I officially kicked off training for the Rock n Roll Brooklyn Half Marathon (my fall goal race) earlier this month, and I’m following roughly the same plan I used for the NJ Half Marathon where I set my current half PR. The addition of a few more 9+ mile runs during that training cycle (5 or 6 vs my usual 3 or 4) made a huge difference and helped me clinch that 15 minute PR, so I’m hoping to see similar results this time. Well, maybe not another 15 minute PR, but you know what I mean 😉 With 6 weeks to race day I’m already up to 9 mile long runs, and my pace is still pretty on par with where I was back in May, so yay for that.

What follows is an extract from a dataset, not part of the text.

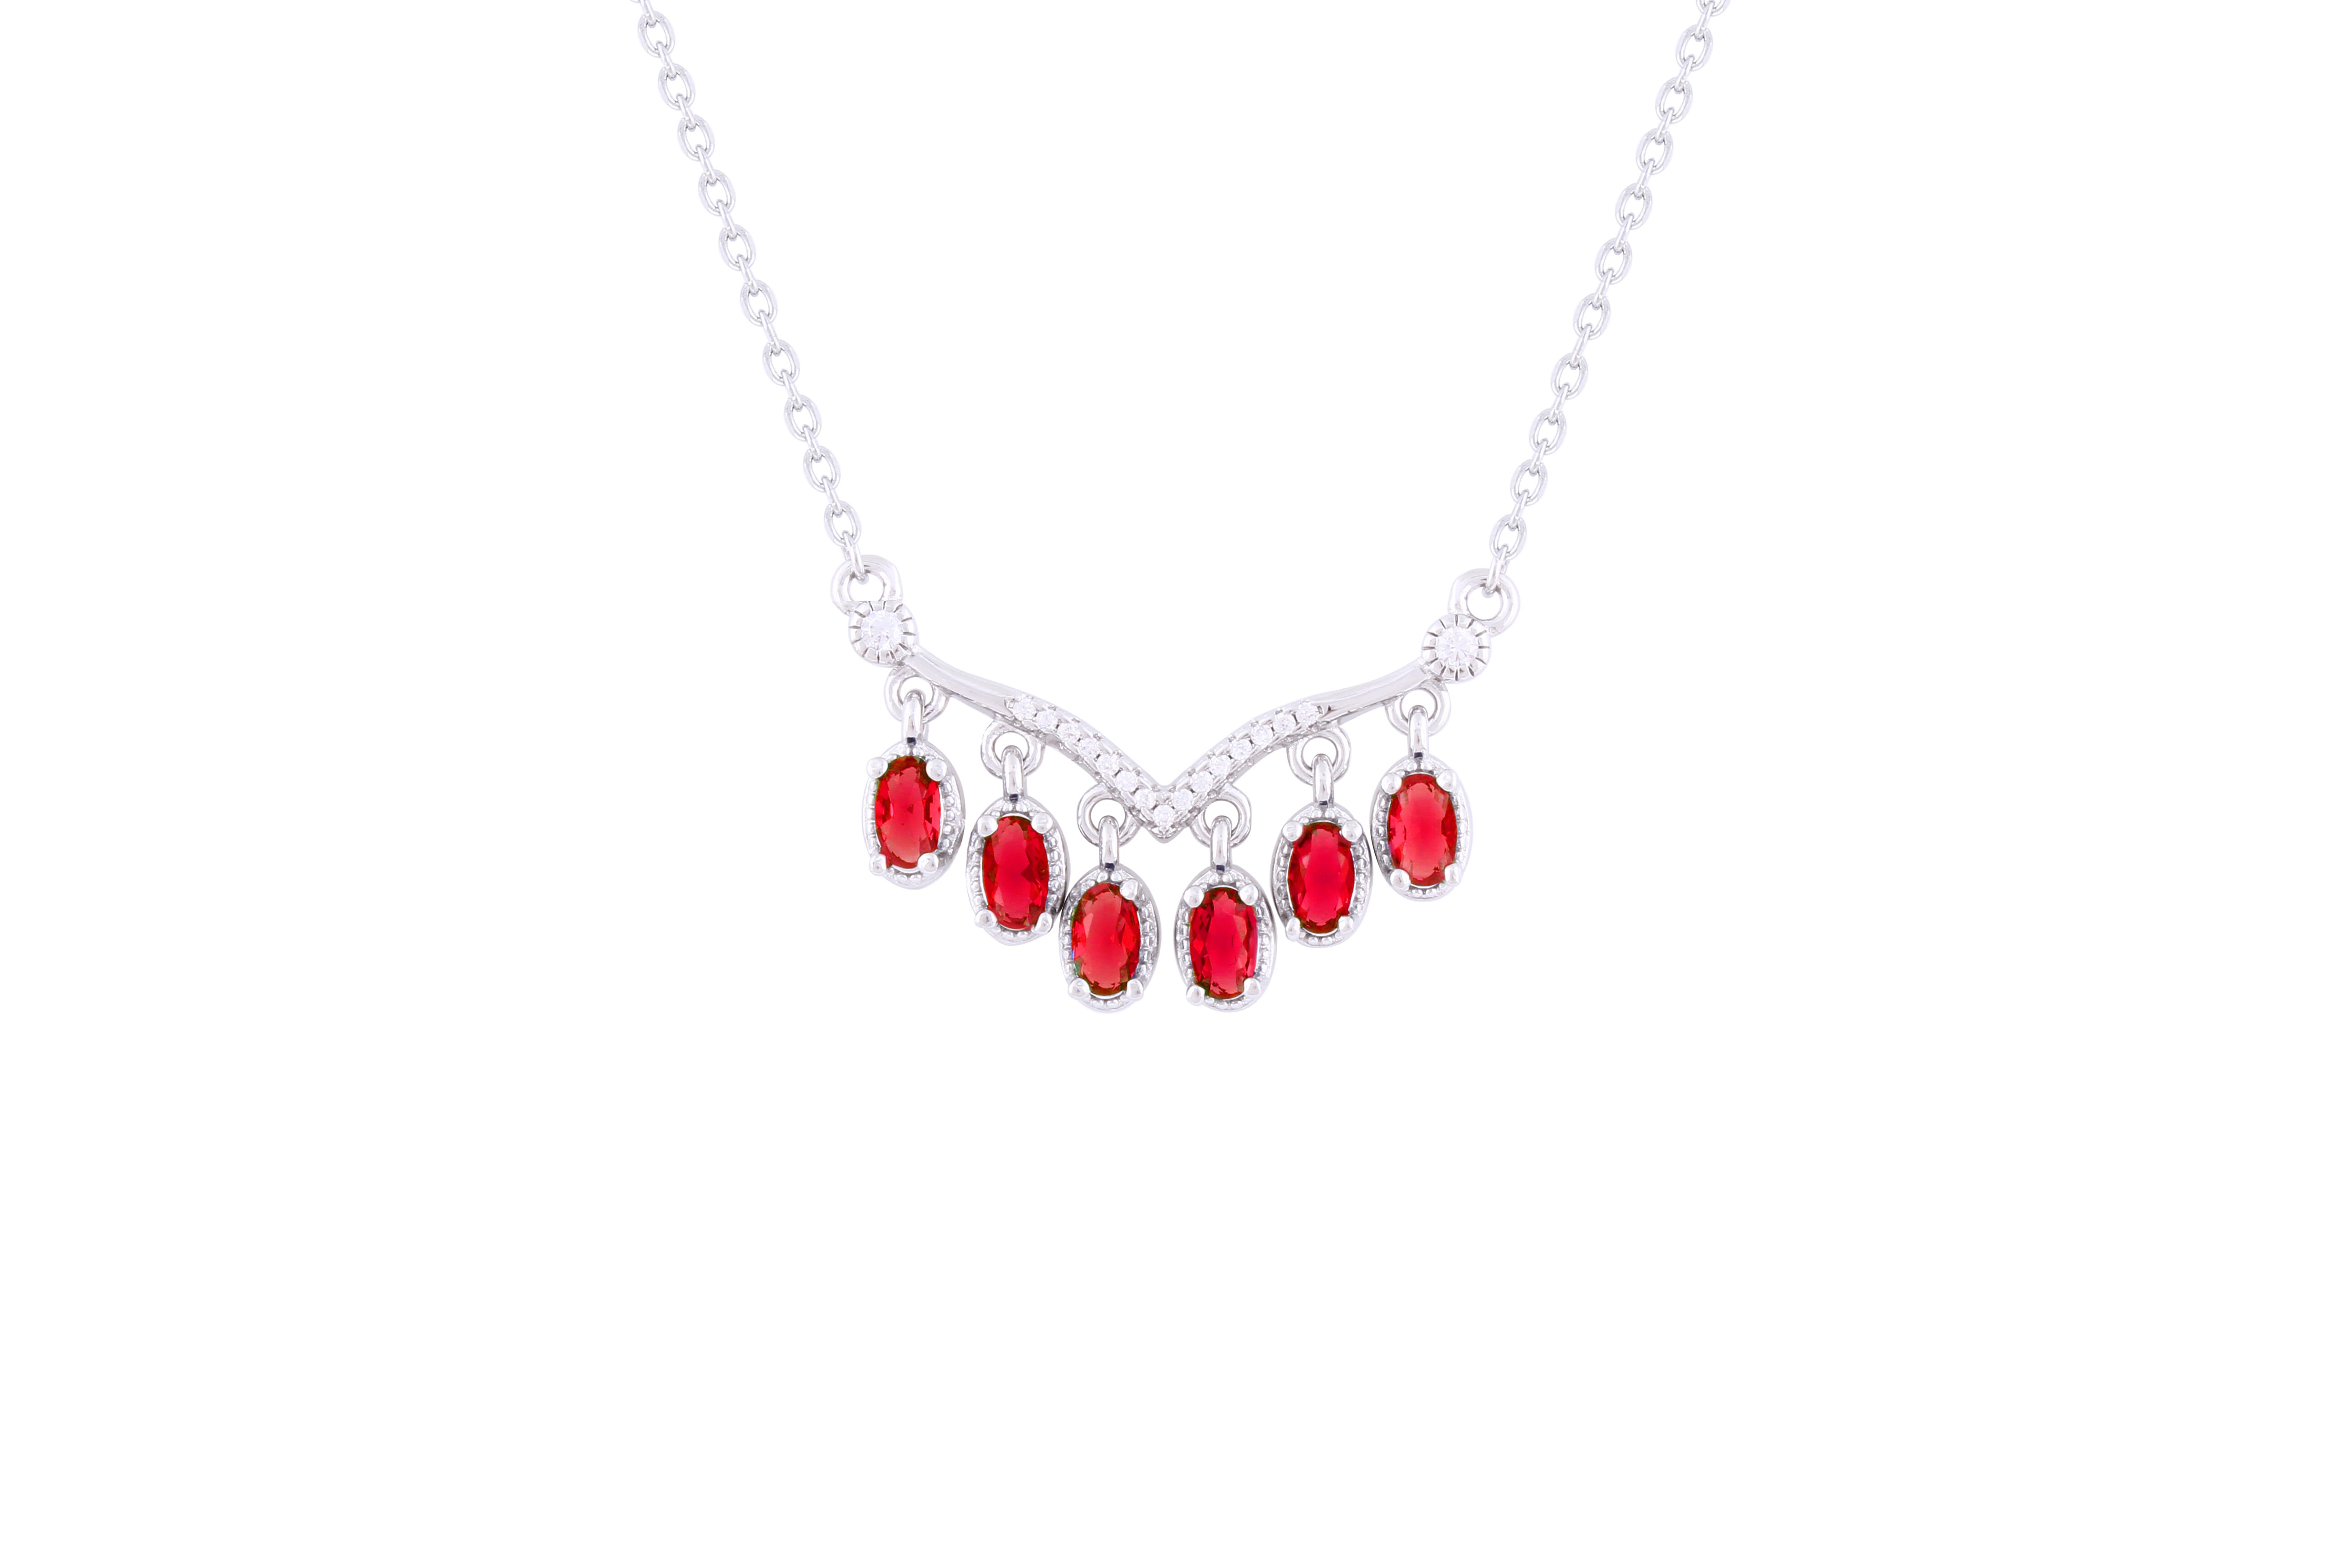 Asfour 925 Sterling Silver Necklace With Red Oval Cut Stones NR0495-R
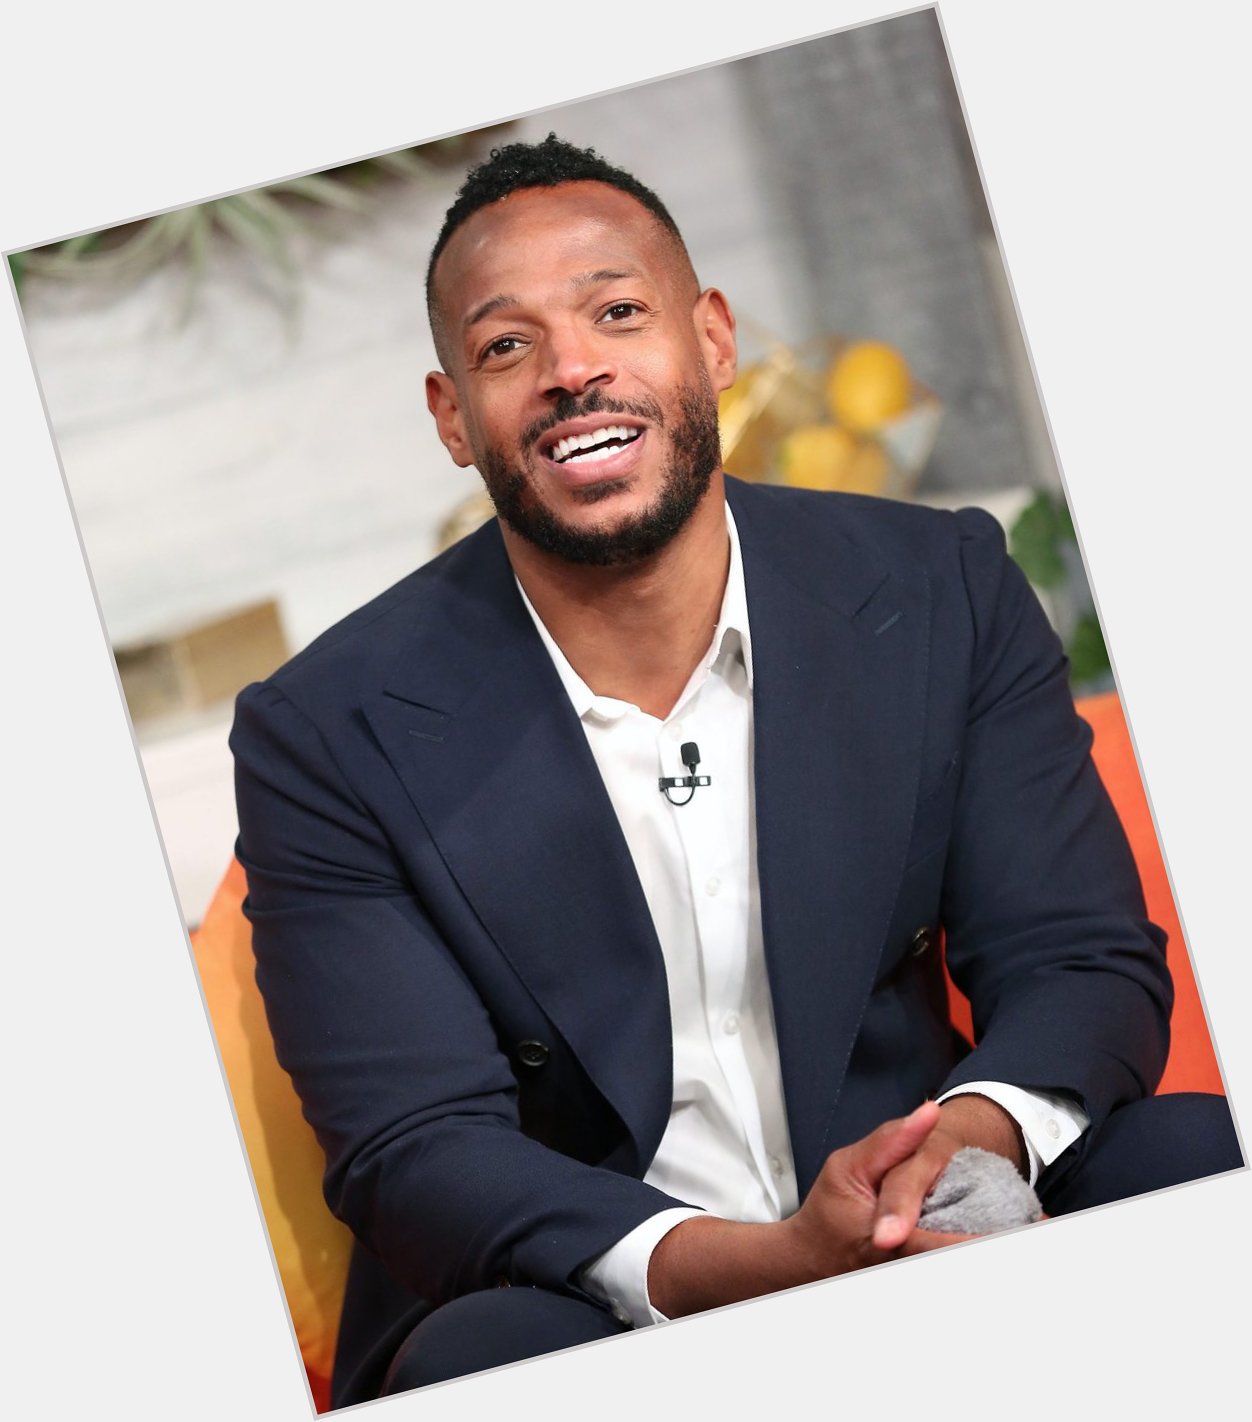 Happy Birthday to the one and only Marlon Wayans!

Training began uneventfully with 3-4 mile runs twice during the week and a long run on the weekend, and I was super stoked to try out a new training tool: Lumo Run.
A little sensor you clip onto the back of your waistband, Lumo Run isn’t just a tracker; it’s a tiny trainer that observes five key metrics during your run to help you improve your running form through real time audio feedback via an app on your phone.
Full disclosure: the folks at Lumo Run sent me this sensor to test it out in exchange for my honest opinion, but I will say that I was interested in a tool like this even before they reached out to me. I don’t have the luxury of being able to work with a personal running coach, so this little tool is the next best thing.
To start, it had me run a 10 minute calibration run to see what my form and mechanics looked like, so I went out for a 5K with a friend on a hot sticky night after work.
During the first 10 minutes we covered .87 miles while the pleasant trainer voice (Australian?) coached me to keep my posture straight and told me I was doing great. Once the calibration run was done, however, the real work began. And this woman made us WORK.
The first thing she suggested I work on is cadence, meaning the number of times my foot strikes the ground in a minute. My steps per minute were around 156 during my calibration run, so Lumo had me work on getting up to 163 SPM. To help us stay on track I played a song with a beat of about 168 BMP and the Lumo Run trainer immediately saw that we were hitting our goal. A happy little chime sounded, with the voice explaining that I’d hear the chime when I was successful. In addition to checking my cadence, the trainer also offered reminders to keep my posture straight, and announced my pace and time at the half mile and mile marks. You can change the settings on how often you hear feedback, which is a nice feature.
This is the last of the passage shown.